We performed statistical analysis using SPSS for Windows software version 11.0 (SPSS Inc, Chicago, Ill). We computed and tabulated the percentage of respondents falling into each frequency and morbidity category for each symptom. We used the Spearman rank correlation coefficient to assess the association between frequency and morbidity for each symptom.
Those symptoms confirmed to be important and comprehensible in the above sample were then incorporated into a POEM allowing patients to record how frequently they experienced each symptom on a 5-point scale. Although a 1-month recall period had been used to obtain preliminary information on the frequency of symptoms, a 1-week recall period was considered more appropriate for the final outcome measure, to monitor short-term changes in clinical trials and daily practice.
The POEM was given to an additional 200 patients recruited from the outpatient clinic. Patients and parents were also asked to complete a validated dermatology-specific quality-of-life measure, the Dermatology Life Quality Index13 for patients older than 16 years or the Children’s Dermatology Life Quality Index14 for patients aged 4 to 16 years.
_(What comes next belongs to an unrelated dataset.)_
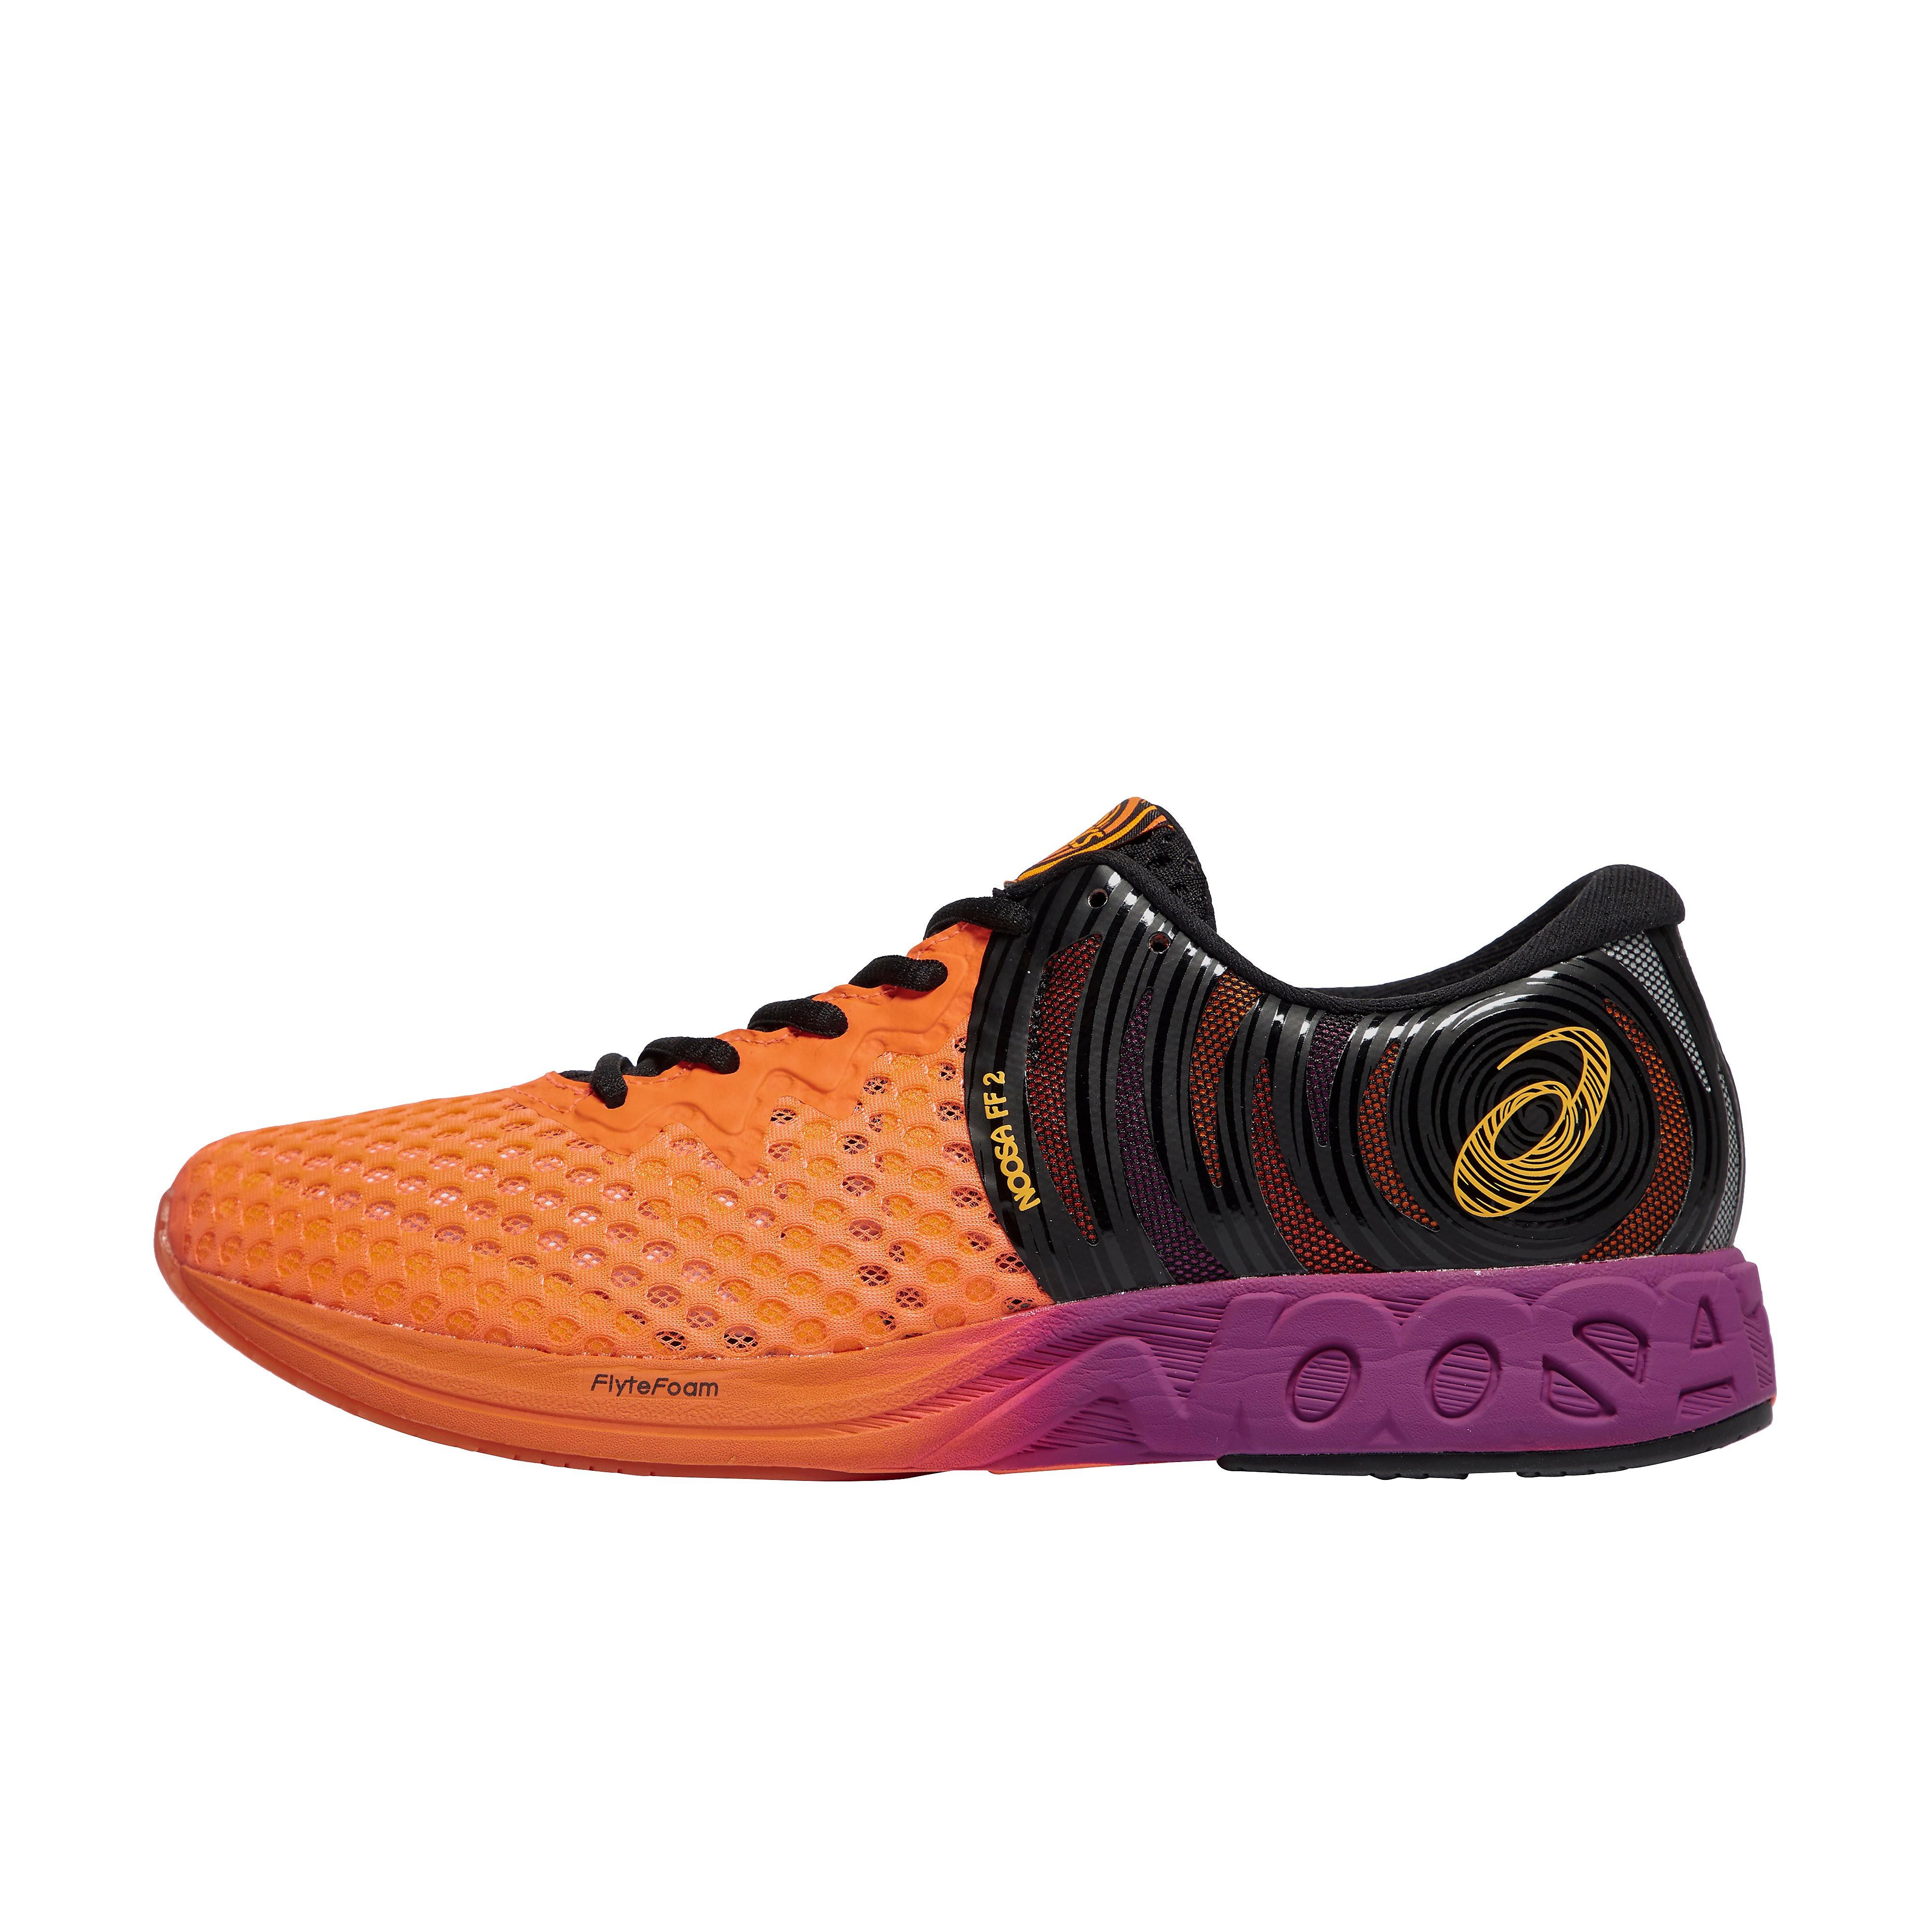 ASICS Noosa flytefoam 2 Men's Running Shoes

In addition, all patients were asked to assess how much overall bother their eczema had caused them during the 1-week period on a scale of 0 to 10 and to rate the global severity of their eczema on a 5-point scale (clear, mild, moderate, severe, or very severe). The frequency distribution of scores was computed and tabulated.
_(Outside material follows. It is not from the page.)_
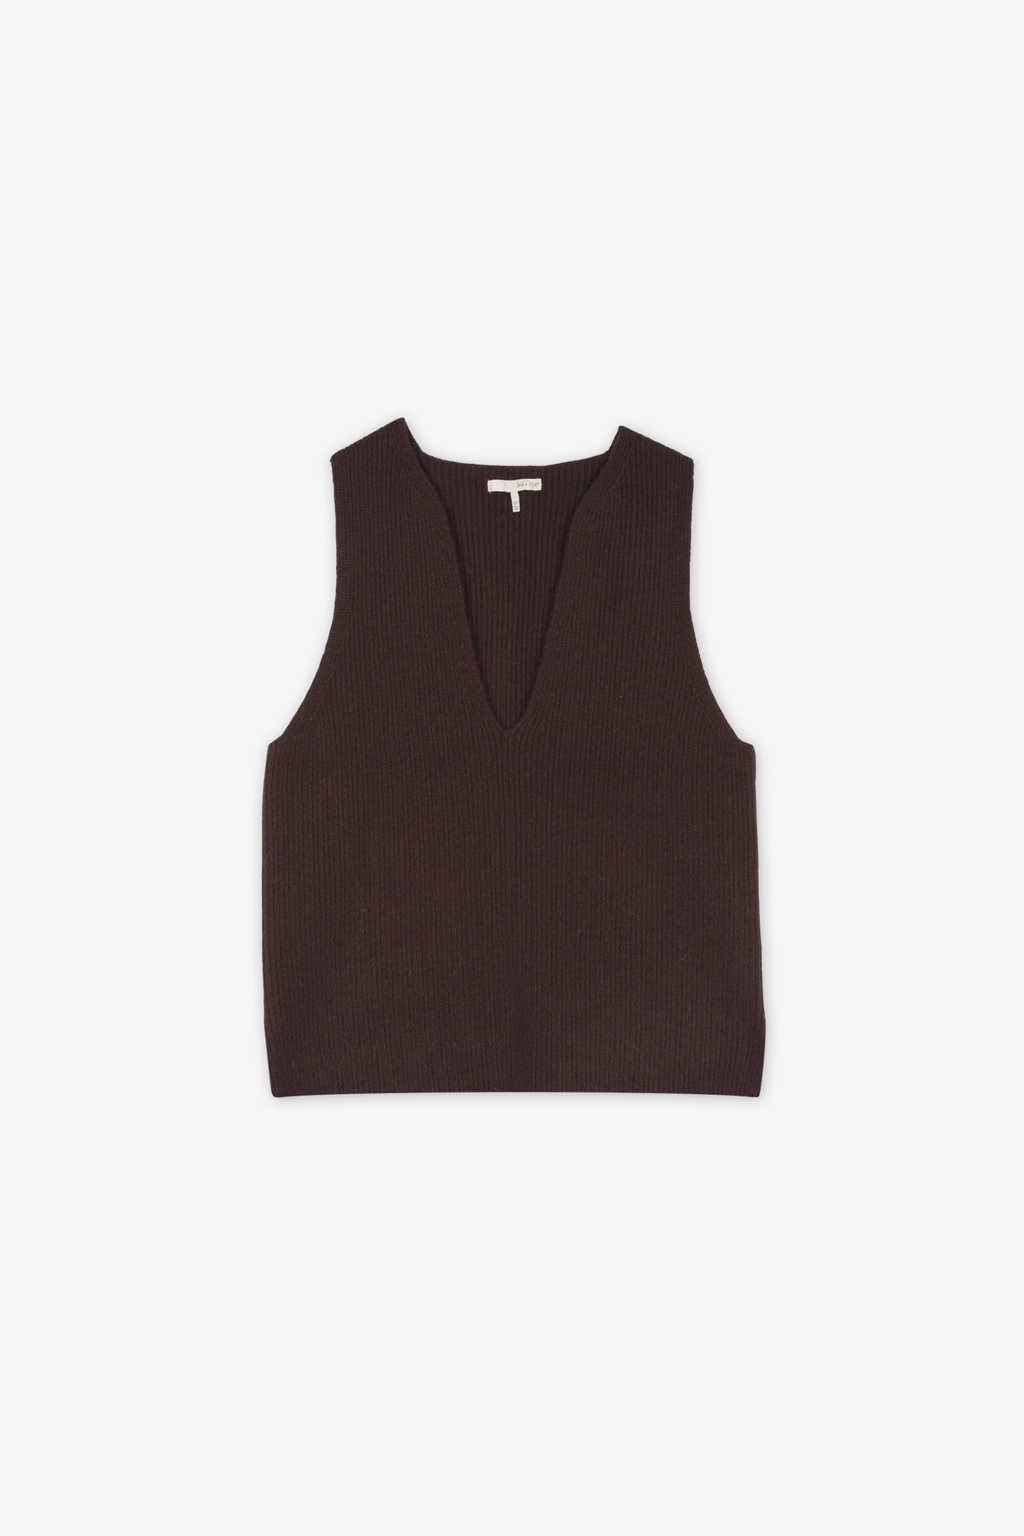 Vest G26 Brown 5

We used the Cronbach α to assess internal consistency and the Spearman rank correlation coefficient to assess the correlation between the new patient-oriented measure, quality of life, and global disease severity assessments. Repeatability was tested by asking 50 additional patients from the outpatient clinic to complete the new patient-oriented measure twice, 24 to 48 hours apart. To minimize recall bias, patients were not informed that they would need to repeat the questionnaire. Test-retest repeatability was analyzed using the method suggested by Bland and Altman.16 Sensitivity to change was assessed in 40 new dermatology outpatients who completed the scoring system in the clinic and were telephoned at 1 and 4 weeks to complete another questionnaire. During development of the POEM, sensitivity of 6 of the variables was also assessed in an RCT of topical corticosteroid use in 207 children (aged 1-15 years) with atopic eczema.17
Of the 35 patients interviewed, 24 were recruited from secondary care and 11 from primary care settings, with eczema severities ranging from mild to very severe (global assessment by a dermatologist [C.R.C.]). Patient ages ranged from 1 to 58 years (median age, 17 years); 17 (49%) were male. Ethnicity included 31 white patients (89%) and 4 (11%) of Asian or Afro-Caribbean origin from a range of socioeconomic backgrounds. During the interview, the following 10 symptoms were identified by patients:
Soreness or pain
Redness of the skin
Weeping/oozing of the skin
Dryness/roughness of the skin
Flaking of the skin
Cracking of the skin
Tightness of the skin
The questionnaire was completed by 110 patients from secondary care and 90 patients from primary care (age range, 1-58 years; median age, 10 years). This represented a recruitment rate of 98% from the dermatology outpatient clinic and 36% from the primary care setting. The low recruitment rate from the primary care setting predominantly resulted from failure to respond to the initial contact letter (68%), although other reasons included resolution of the eczema, failure to fulfill the diagnostic criteria for atopic eczema, lack of a mutually convenient time for interview, and failure to attend an arranged interview. No additional symptoms were identified by patients in this part of the study.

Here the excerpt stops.